In deze uitspraak van de Rechtbank Den Haag, gedaan op 10 november 2025, zijn eisers in beroep gegaan tegen het niet tijdig beslissen door de minister van Asiel en Migratie op hun asielaanvragen, ingediend op 31 januari 2024. De rechtbank heeft vastgesteld dat de beslistermijn is verstreken en dat de minister niet heeft gereageerd op het verzoek van eisers om binnen twee weken alsnog te beslissen. De rechtbank heeft de beroepen ontvankelijk en kennelijk gegrond verklaard.
De rechtbank oordeelt dat de minister alsnog een besluit moet nemen op de aanvragen, waarbij rekening moet worden gehouden met het ‘8+8 wekenmodel’. Gezien de overschrijding van de bovengrens van 21 maanden, legt de rechtbank een kortere beslistermijn op van acht weken, te rekenen vanaf de bekendmaking van de uitspraak. Indien de minister niet binnen deze termijn beslist, moet hij een dwangsom van € 100,- per dag betalen, met een maximum van € 15.000,-. Deze dwangsom geldt voor de eisers gezamenlijk, gezien de samenhang tussen de beroepen.

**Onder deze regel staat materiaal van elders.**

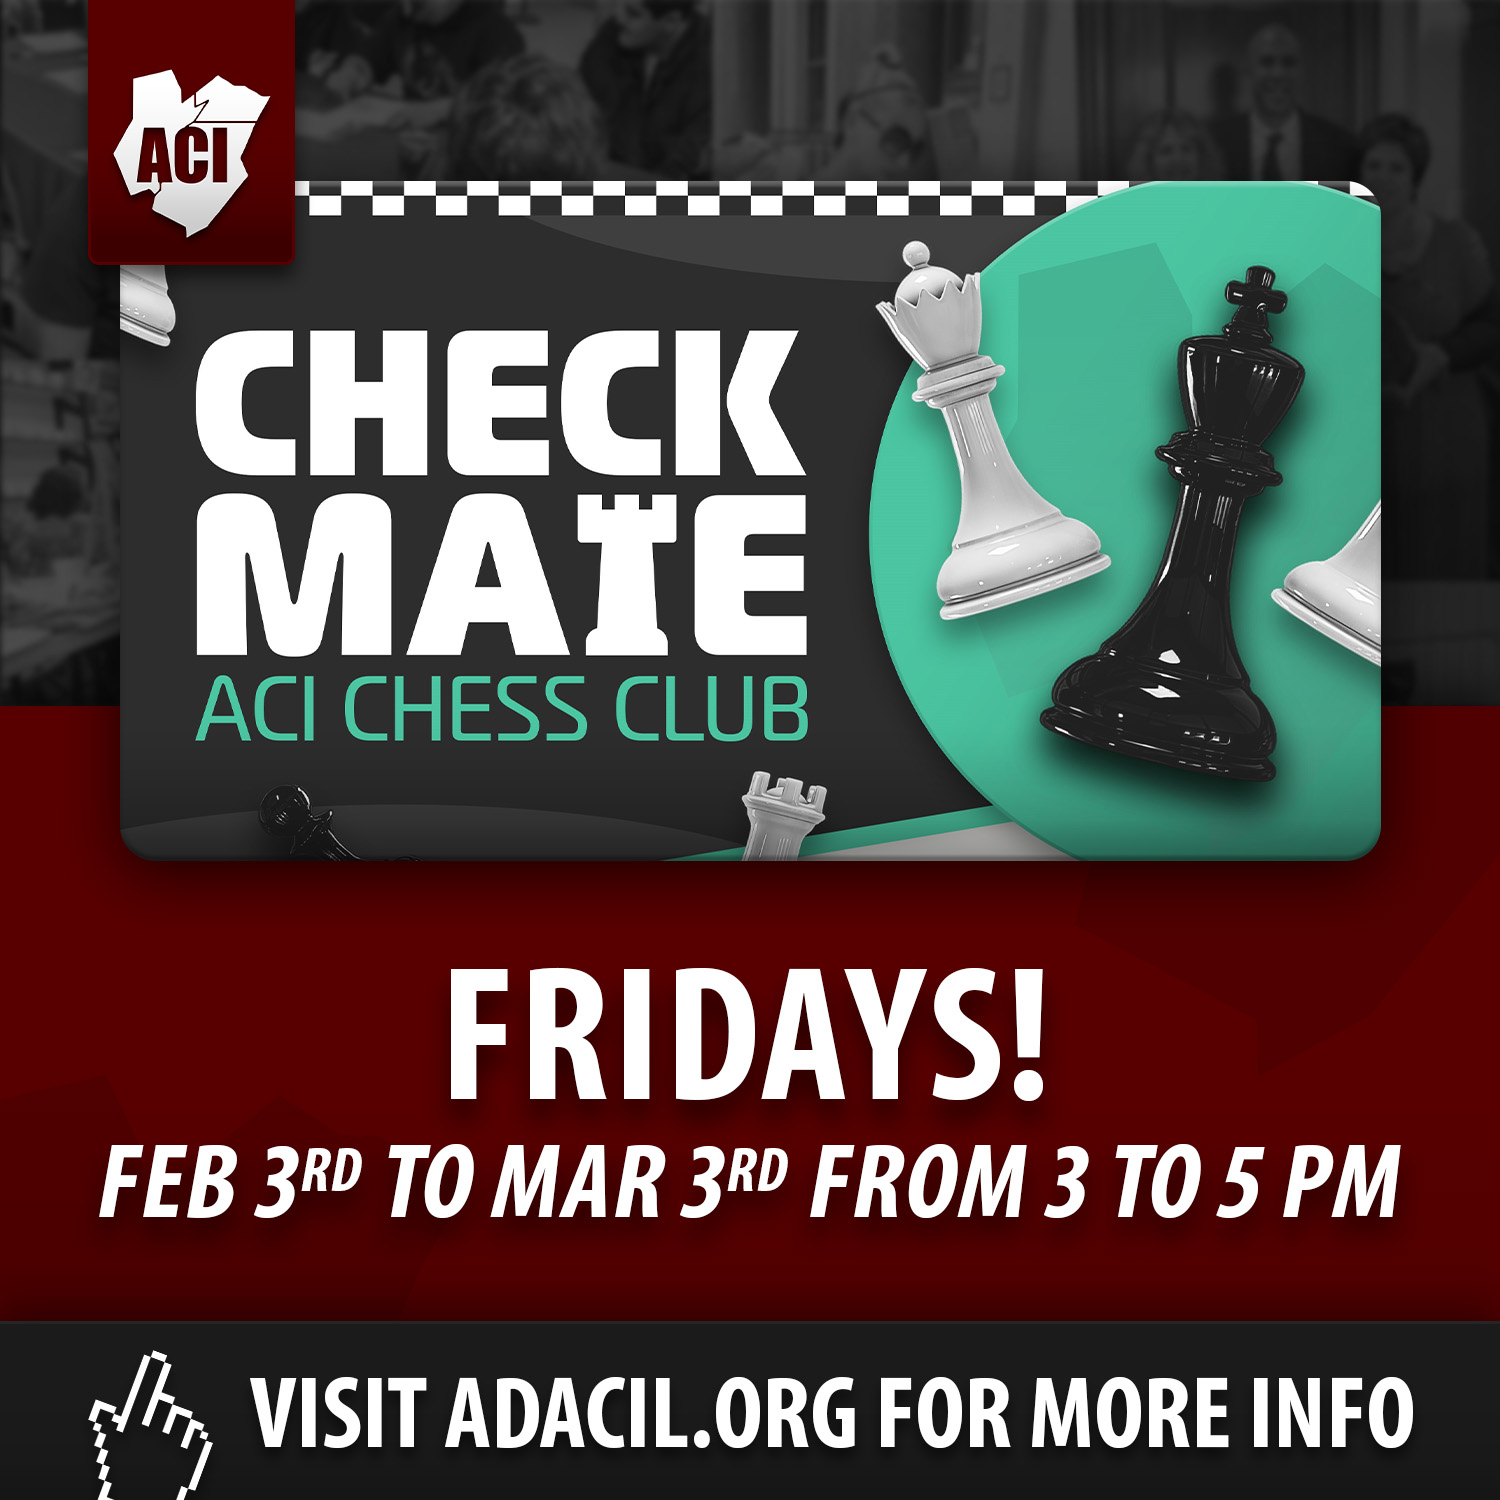 XEQUE MATE BRASIL - Club de ajedrez 
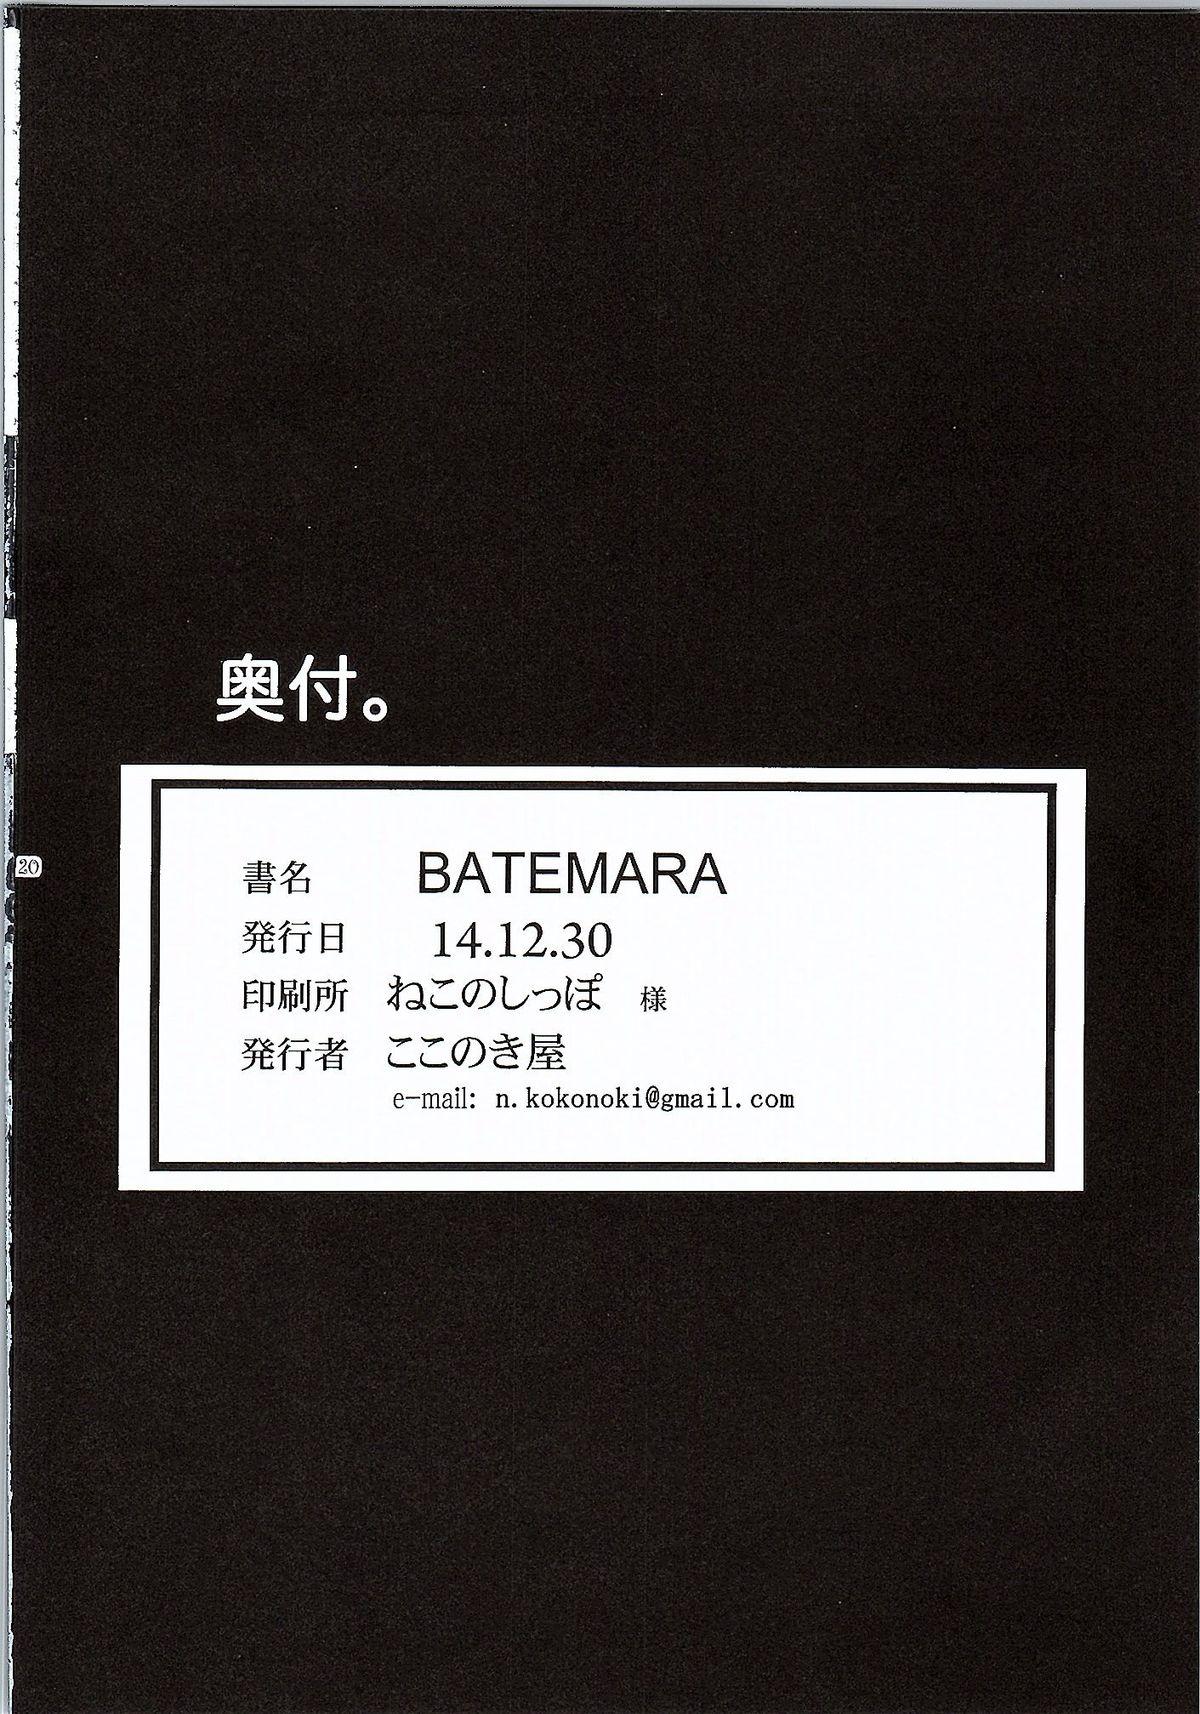 Pornstars BATEMARA - Shirobako Porn Star - Page 19

Daarnaast heeft de rechtbank de minister veroordeeld tot het vergoeden van de proceskosten van eisers, vastgesteld op € 453,50. De uitspraak is gedaan door mr. A. Sibma, rechter, in aanwezigheid van K.D.M. Nijholt, griffier, en is openbaar gemaakt via een geanonimiseerde publicatie op rechtspraak.nl.